🤖 AI Summary
This study investigates the multilingual text-to-speech (TTS) capability of the English F5-TTS model on 11 low-resource Indian languages. Addressing challenges in multilingual fluency, cross-lingual voice/style cloning, and code-mixed speech synthesis, we propose a monolingual Indian-language supervised fine-tuning paradigm—demonstrating for the first time its empirical superiority over multilingual joint fine-tuning. Our method integrates speech style transfer, human-in-the-loop synthetic data construction, and code-mixed linguistic modeling, coupled with a computationally efficient, data-constrained training strategy.
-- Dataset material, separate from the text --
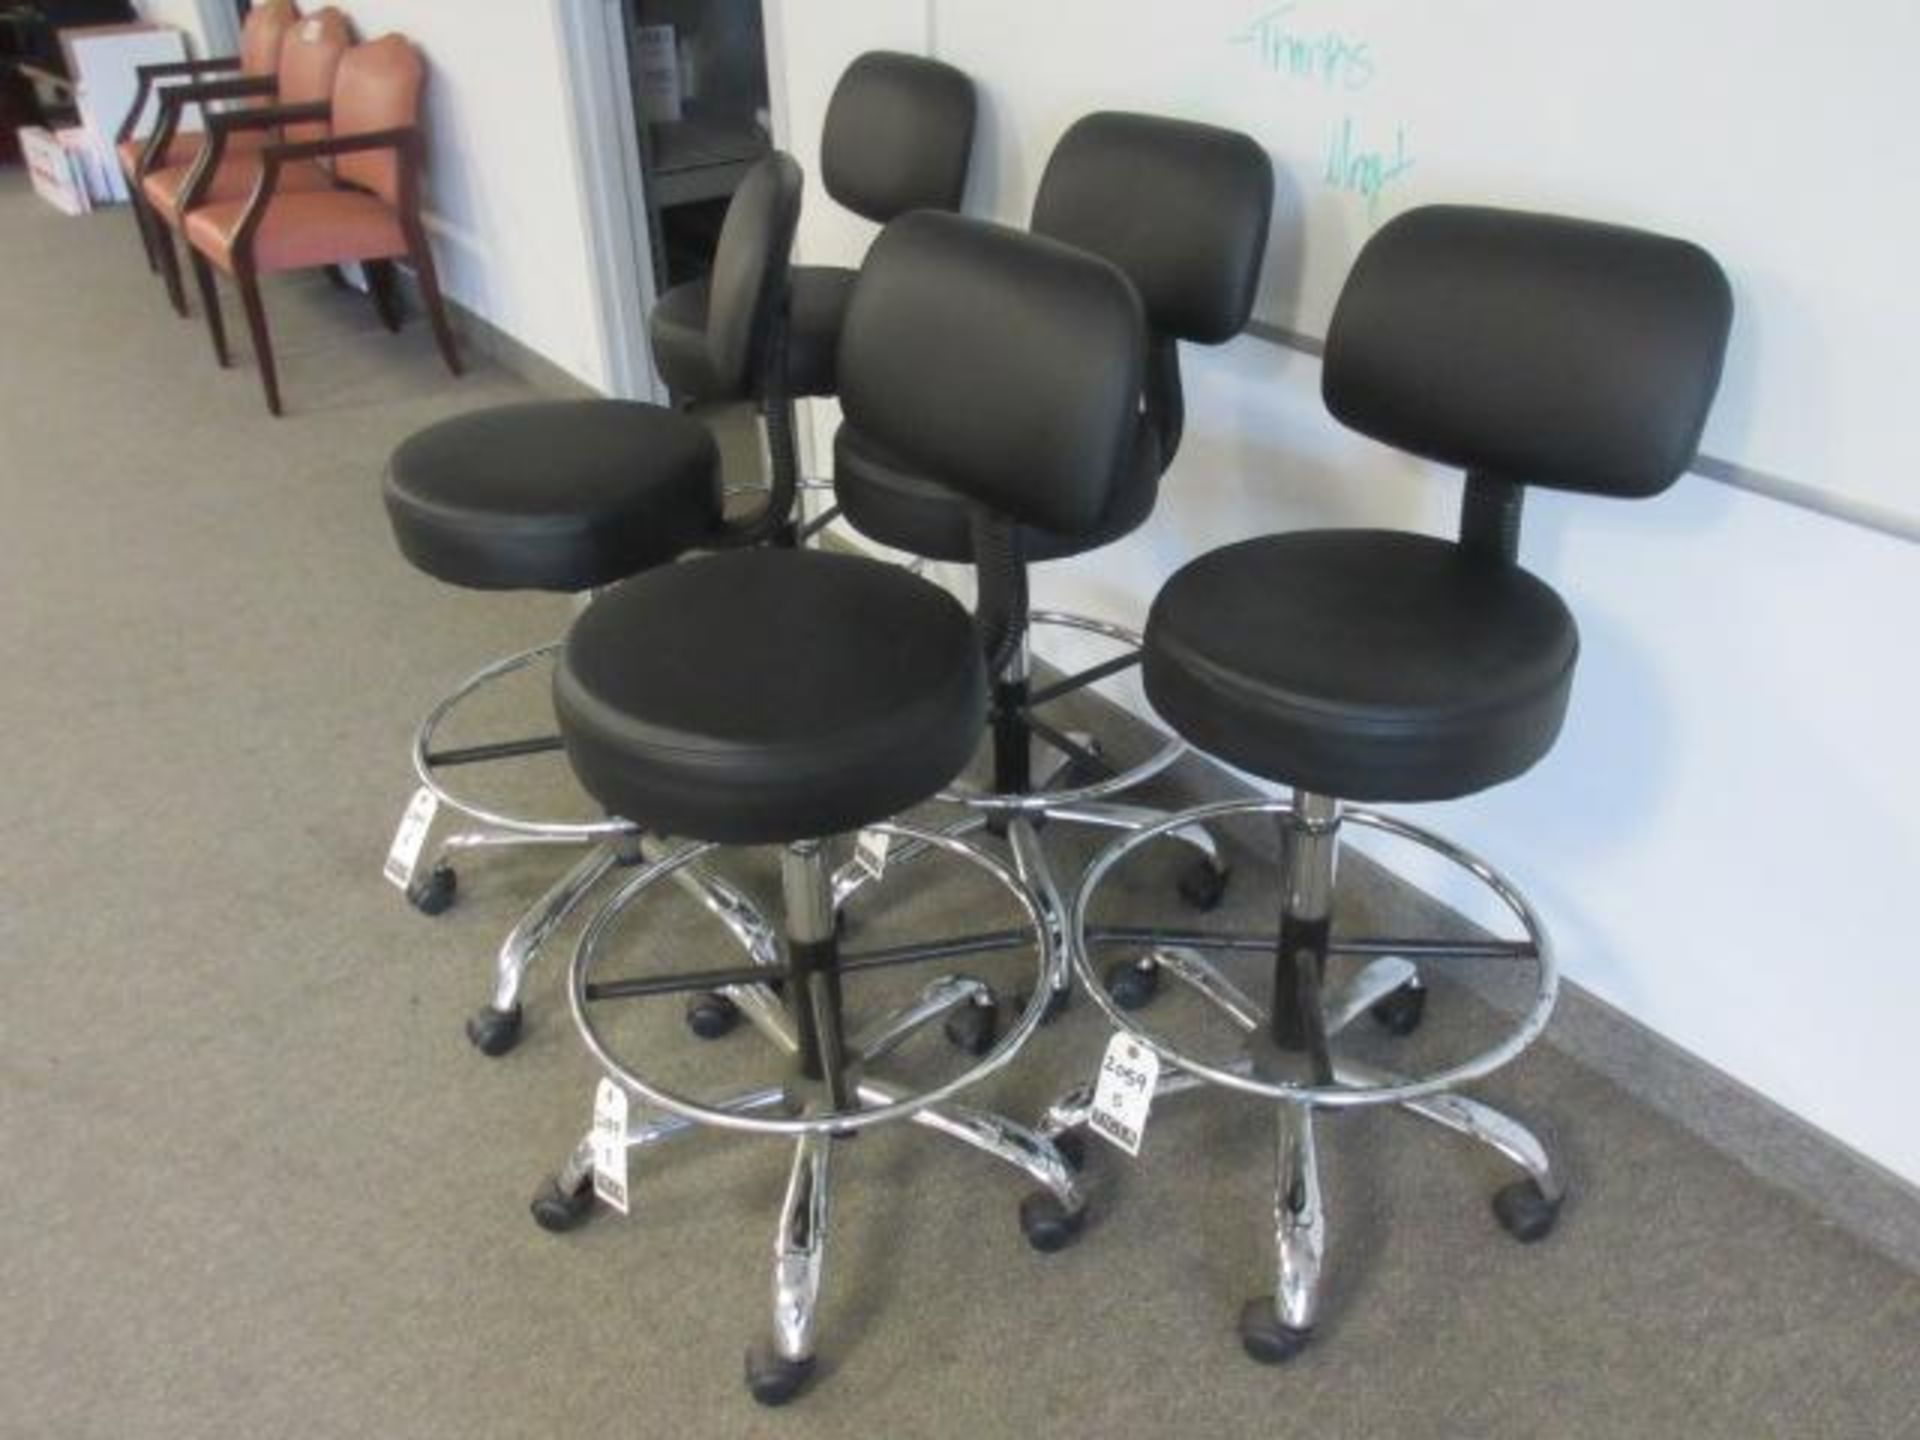 Black Lab Chairs-Swivel Base - Image 2 of 4
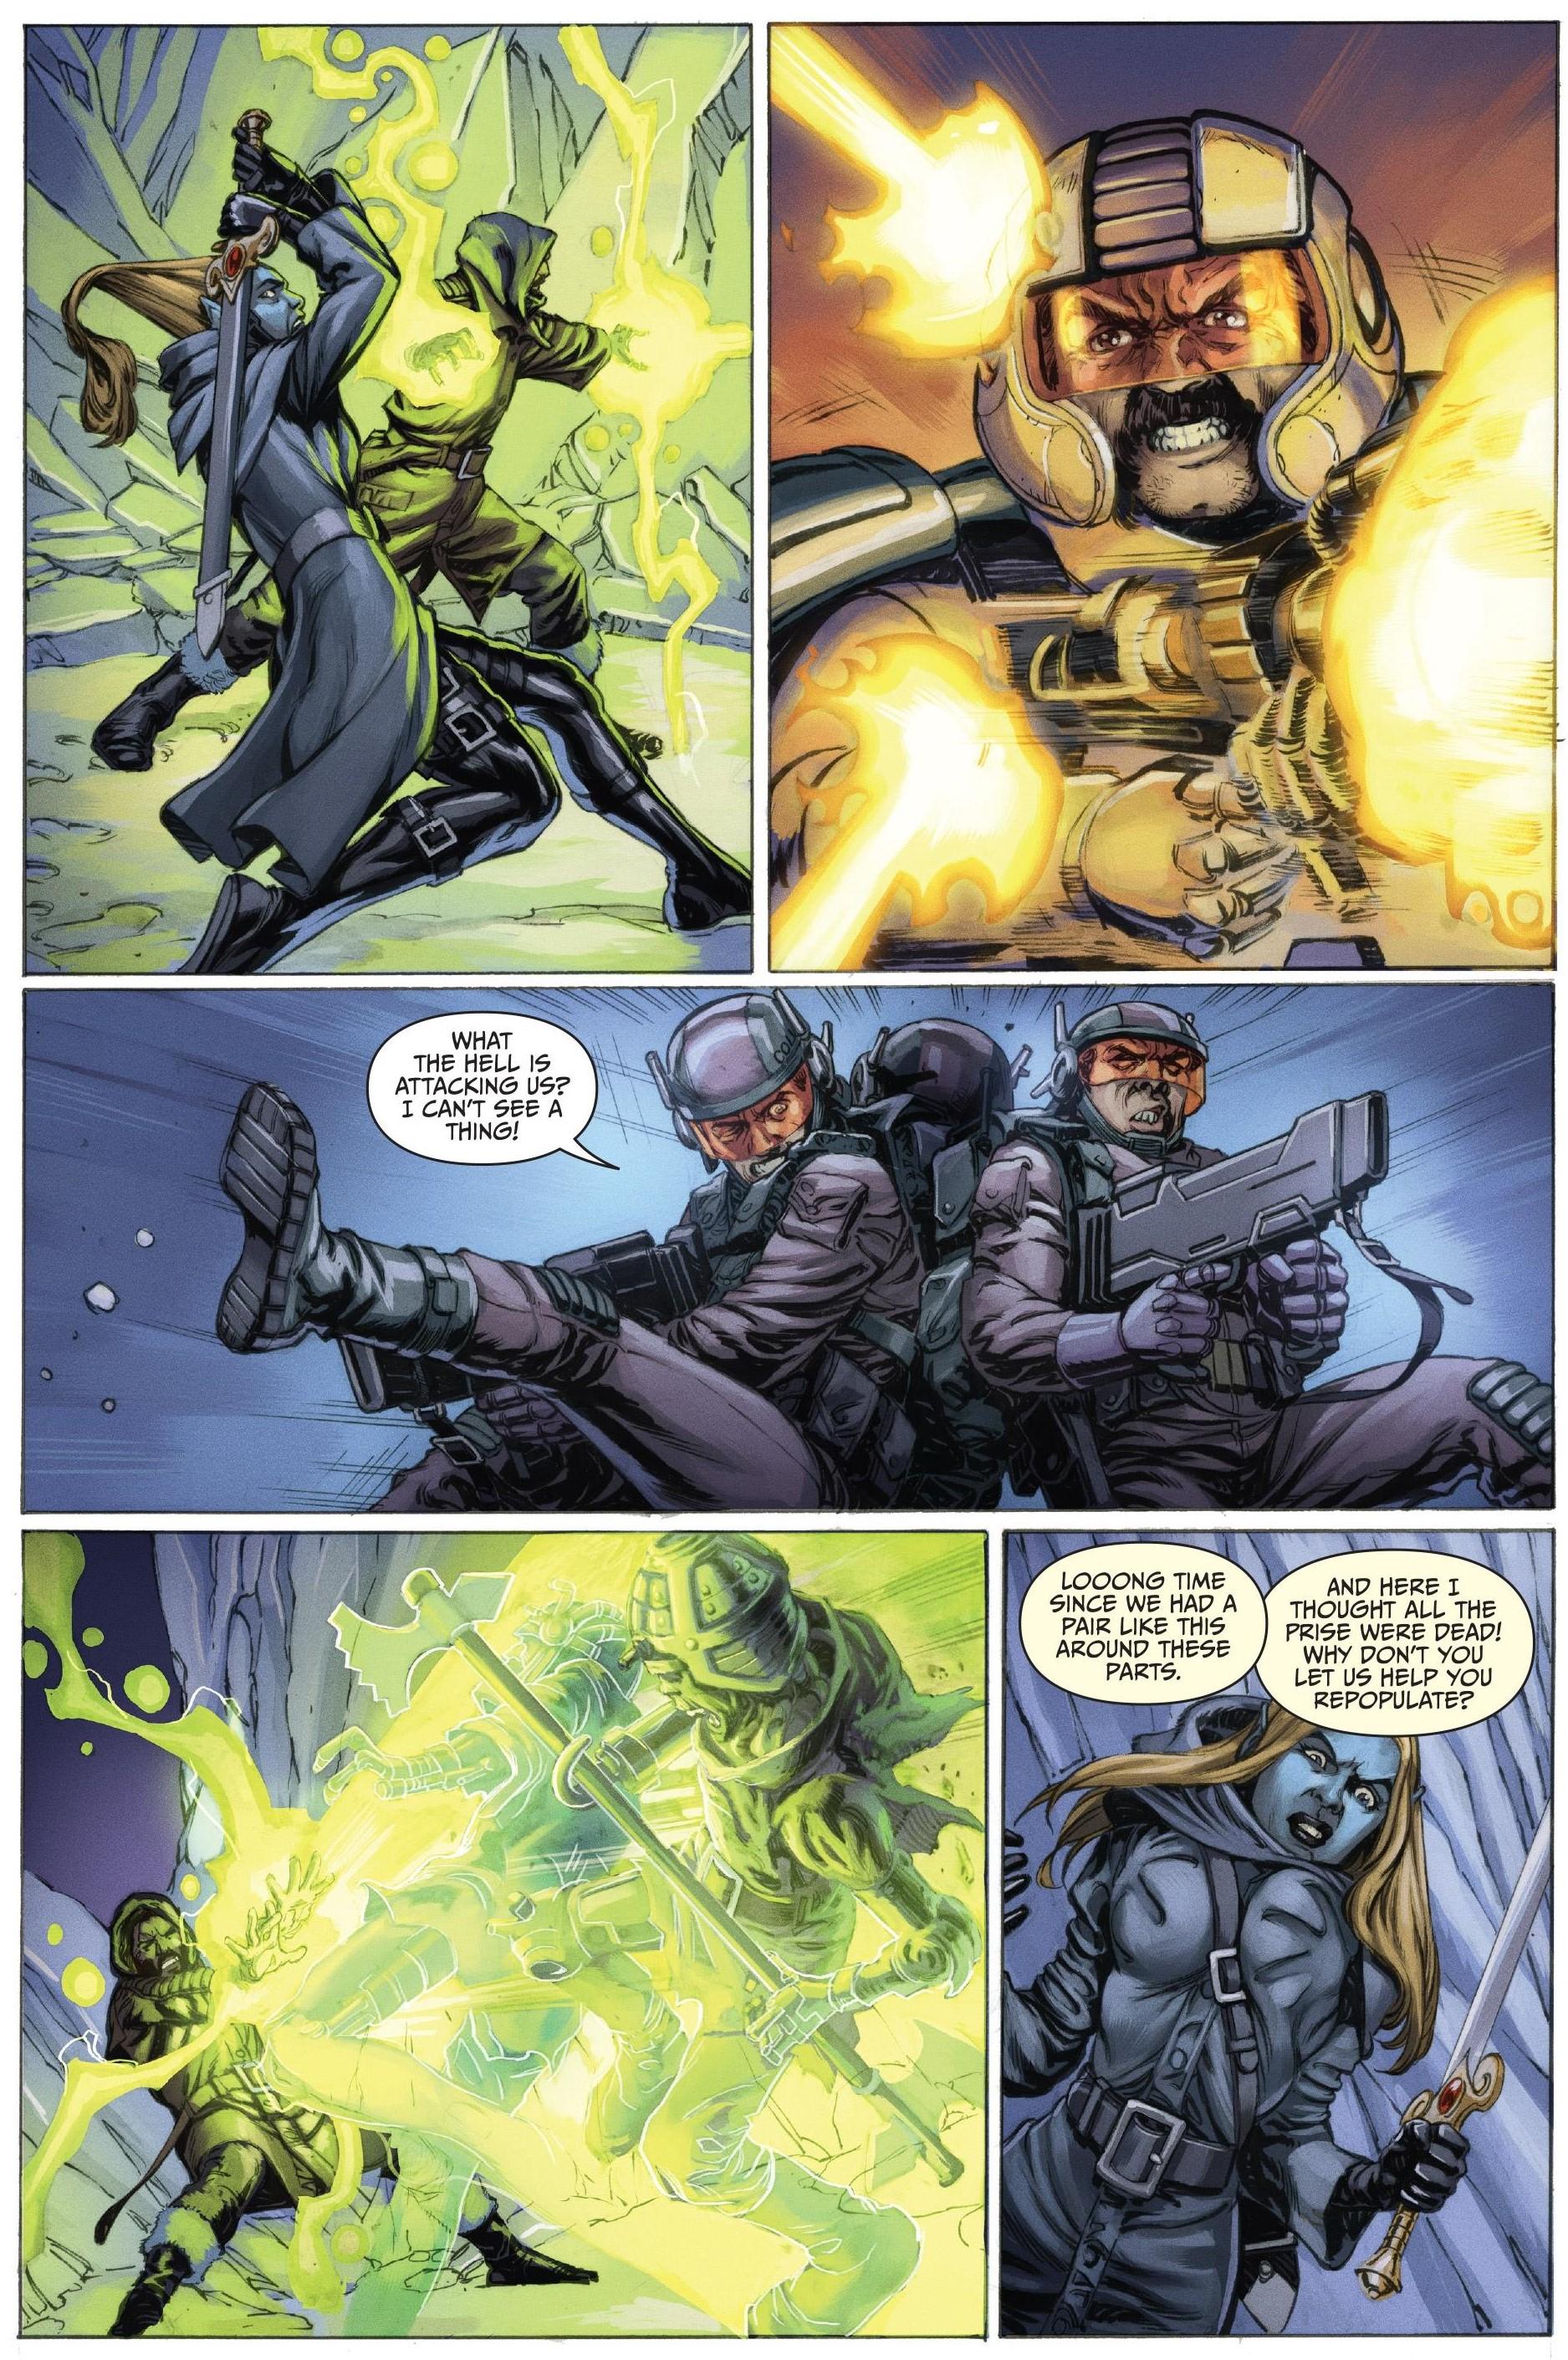 1: Doom Marine Jesse 2: Bad Invisible Groping

The resulting IN-F5 model achieves human-level performance across multiple objective and subjective metrics, enabling zero-shot language synthesis (e.g., Bhojpuri) and cross-lingual voice conversion (e.g., Odia speaker uttering Hindi). We open-source a comprehensive evaluation benchmark, establishing a reproducible, high-fidelity, and lightweight adaptation framework for low-resource multilingual TTS.
📝 Abstract
What happens when an English Fairytaler is fine-tuned on Indian languages? We evaluate how the English F5-TTS model adapts to 11 Indian languages, measuring polyglot fluency, voice-cloning, style-cloning, and code-mixing. We compare: (i) training from scratch, (ii) fine-tuning English F5 on Indian data, and (iii) fine-tuning on both Indian and English data to prevent forgetting. Fine-tuning with only Indian data proves most effective and the resultant IN-F5 is a near-human polyglot; that enables speakers of one language (e.g., Odia) to fluently speak in another (e.g., Hindi). Our results show English pretraining aids low-resource TTS in reaching human parity. To aid progress in other low-resource languages, we study data-constrained setups and arrive at a compute optimal strategy. Finally, we show IN-F5 can synthesize unseen languages like Bhojpuri and Tulu using a human-in-the-loop approach for zero-resource TTS via synthetic data generation.